В соответствии со статьёй 46 (частями 1 и 2) Конституции Российской Федерации решения и действия (или бездействие) органов государственной власти, органов местного самоуправления, общественных объединений и должностных лиц могут быть обжалованы в суд.

Реализуя указанные конституционные предписания, статья 218 КАС РФ, предоставляет гражданину, организации, иным лицам право обратиться в суд с требованиями об оспаривании решений, действий (бездействия) органа государственной власти, органа местного самоуправления, иного органа, организации, наделенных отдельными государственными или иными публичными полномочиями (включая решения, действия (бездействие) квалификационной коллегии судей, экзаменационной комиссии), должностного лица, государственного или муниципального служащего (далее - орган, организация, лицо, наделенные государственными или иными публичными полномочиями), если полагают, что нарушены или оспорены их права, свободы и законные интересы, созданы препятствия к осуществлению их прав, свобод и реализации законных интересов или на них незаконно возложены какие-либо обязанности. Гражданин, организация, иные лица могут обратиться непосредственно в суд или оспорить решения, действия (бездействие) органа, организации, лица, наделенных государственными или иными публичными полномочиями, в вышестоящие в порядке подчиненности орган, организацию, у вышестоящего в порядке подчиненности лица либо использовать иные внесудебные процедуры урегулирования споров.

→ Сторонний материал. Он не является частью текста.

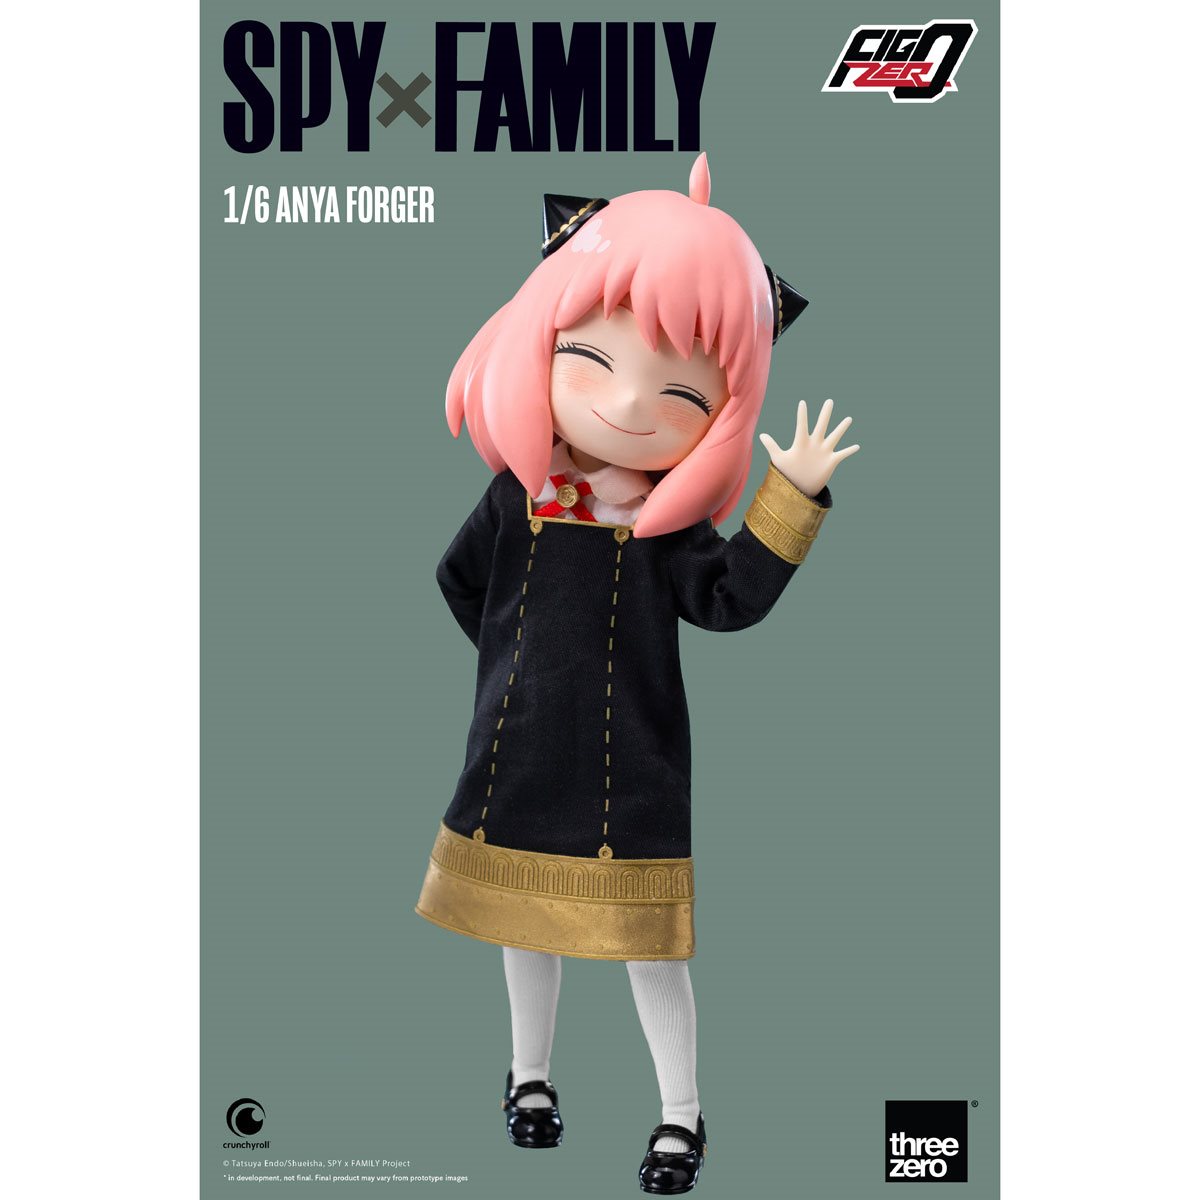 SPY x FAMILY ANAY FORGER No.21 Japanese Collectable Clear Card

Исходя из содержания пункта 1 части 2 статьи 227 КАС РФ решение, действия (бездействие) могут быть признаны незаконными при наличии одновременно двух условий: несоответствие решения, действий (бездействия) закону и нарушения таким решением, действиями (бездействием) прав и законных интересов заявителя.

Часть 1 статьи 39 КАС РФ предусматривает, что прокурор вправе обратиться в суд с административным исковым заявлением в защиту прав, свобод и законных интересов граждан, неопределённого круга лиц или интересов Российской Федерации, субъектов Российской Федерации, муниципальных образований, а также в других случаях, предусмотренных федеральными законами.

Согласно требованиям статьи 62 КАС РФ лица, участвующие в деле, обязаны доказывать обстоятельства, на которые они ссылаются как на основаниях своих требований или возражений.

Судом установлено, что Углегорской городской прокуратурой проведена проверка исполнения законодательства в сфере информационных технологий и защиты информации в администрации Углегорского муниципального округа, в ходе которой установлено использование программных комплексов 1-С, Свод-Смарт и Смета-Смарт для управления финансово-экономической деятельность, материально-техническим обеспечением, требования к защите персональных данных при обработке в указанных программах недостаточны, не обеспечивают в полной мере защиты неопределенного круга лиц при обработке их персональных данных, поскольку установленные законодательством мероприятия не выполняются, ввиду неопределения уровня защищенности персональных данных.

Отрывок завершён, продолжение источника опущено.